Jalan yang ditempuh Sinyo itu sudah saya ketahui sejak dulu, tapi saya tidak pernah mempermasalahkannya. Saya baru menanggapinya setelah Sinyo mempublikasikannya di blog Sinyo.  Sebab, saya khawatir implikasinya pada saudara-saudara kita lainnya, yang membacanya atau yang mendengarnya dari si pembaca. Sungguh saya tidak rela umat Islam hancur hanya karena mereka dengan mudahnya ingkar janji dengan dalih “tidak resmi”. Inilah isi hati saya, semoga Sinyo memakluminya.

1 thoughts on “Diskusi: Janji Menikah Tapi Belum Khitbah

  1. PACARAN??? HARI GINI……

    SEKARANG GW MULAI BACA ALQURAN,,
    KEMAREN PAS GW BACA AD SALAH SATU AYAT YG ARTINYA KURANG LEBIH :
    ” JANGAN LAH KALIAN MENDEKATI ZINA…dst”

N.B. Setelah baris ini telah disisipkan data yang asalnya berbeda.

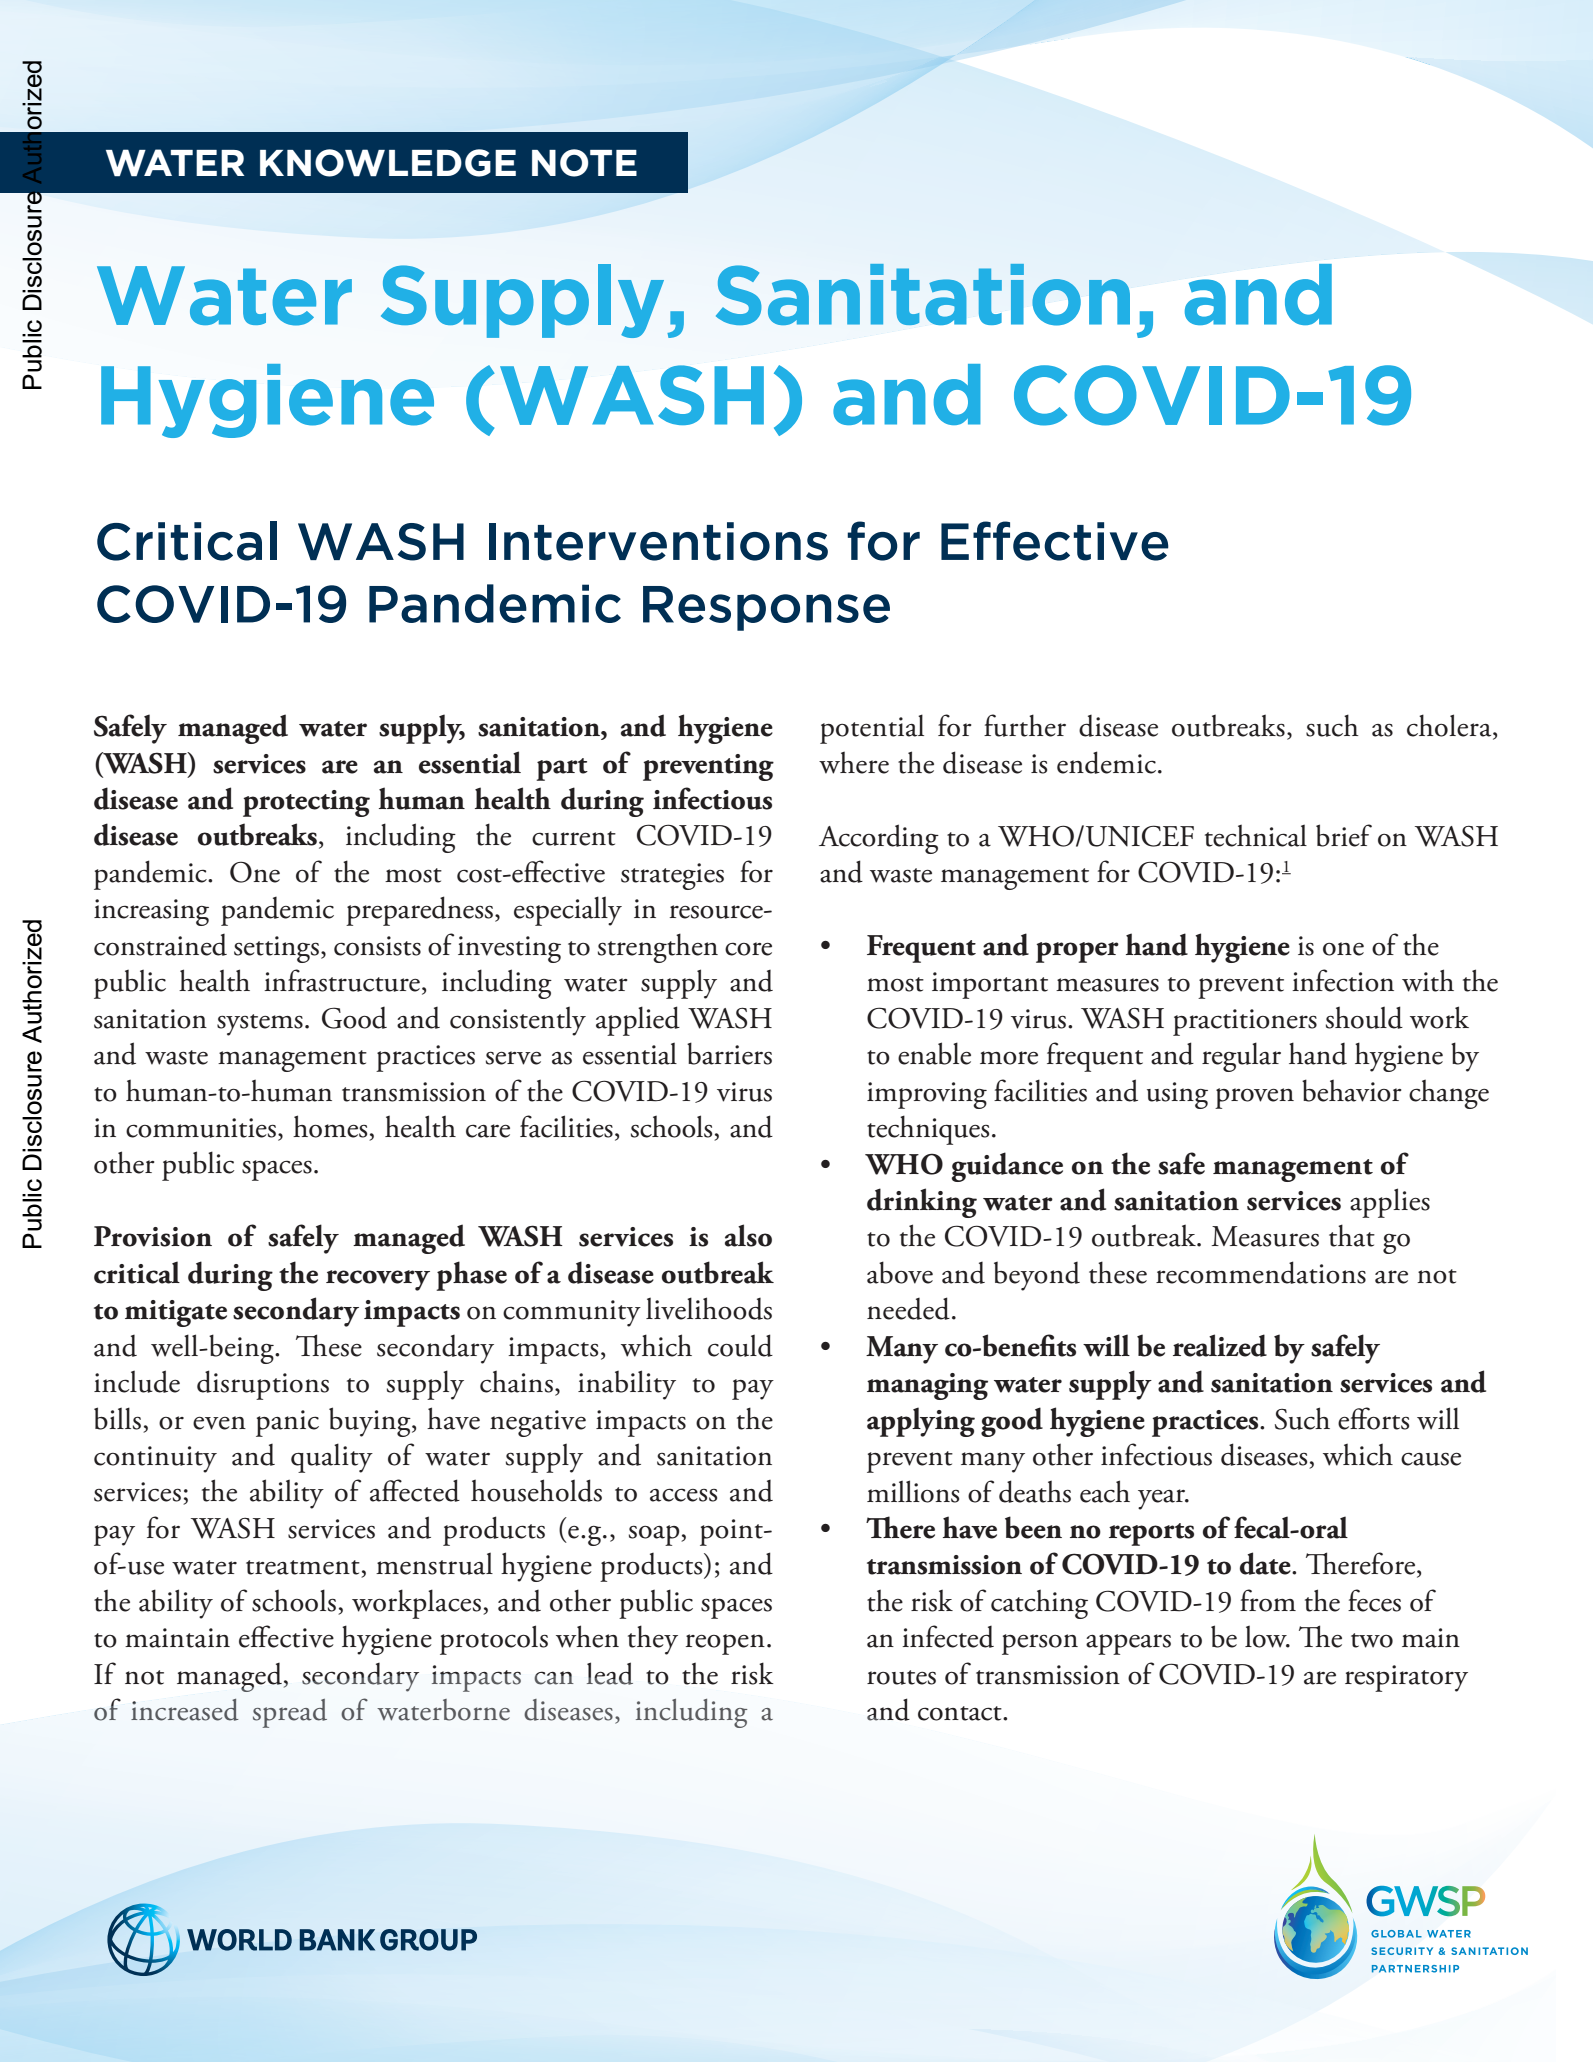 English_WASH-and-COVID-19-Critical-WASH-Interventions-for-Effective-COVID-19-Pandemic-Response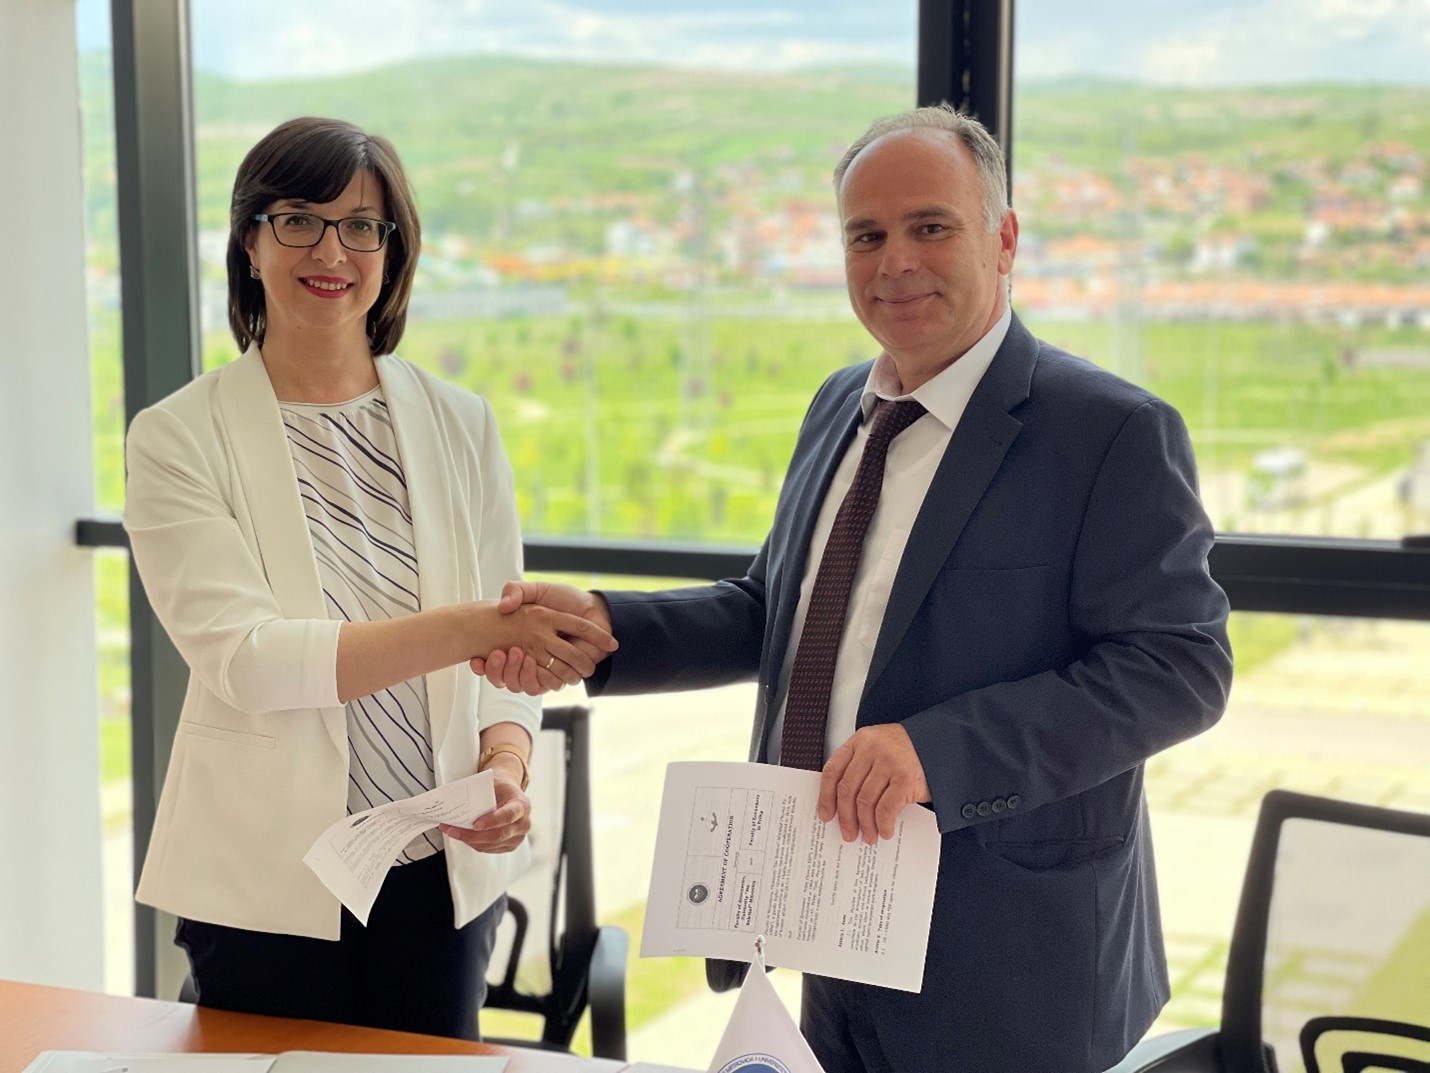 Cooperation Agreement Between Faculty Of Economics – UIBM And Faculty Of Economics – Prilep Of The University “Saint Kliment Ohridski” Bitola From North Macedonia

    emang sih gak di jelasin jangan deketin “pacaran”, tapi setahu gw yg namanya pacaran itu minimal sentuhan tangan, bahkan ciuman, atau paling enggak rabaan. berarti itu mendekati zina juga khan……
    gw baru tahu ternyata pacaran itu gak boleh!!!
    gw gak bakalan terjebak lagi cinta semu, cinta yg menjerumuskan ke jurang kenistaan.
    TOLOL BUAT KALIAN YG UDAH TAHU AYAT INI TP GAK NGAMALIN, BRARTI PEMAHAMAN KALIAN KALAH SAMA ORANG YG BARU BACA “QU’RAN KEMARN SORE”………..

    Tanggapan Admin:
    1) Komentar Edi sangat menyimpang jauh dari topik pembicaraan.
    2) Mengenai apa yang dilakukan dalam pacaran, benarkah pasti mendekati zina, lihat http://wppi.wordpress.com/2008/01/17/ciuman-dengan-pacar/
    3) Mengenai dalil pacaran, lihat https://pacaranislami.wordpress.com/2007/09/06/halal-haram-pacaran-dalil-mana-yang-lebih-kuat/ dan https://pacaranislami.wordpress.com/2007/11/04/bantahan-terhadap-penentang-dalil-dalil-pacaran-islami/
    4) Apakah Alqur’an mengajarkan Anda untuk mengata-ngatai “TOLOL” kepada orang yang berbeda pandangan dengan Anda?

Komentar ditutup.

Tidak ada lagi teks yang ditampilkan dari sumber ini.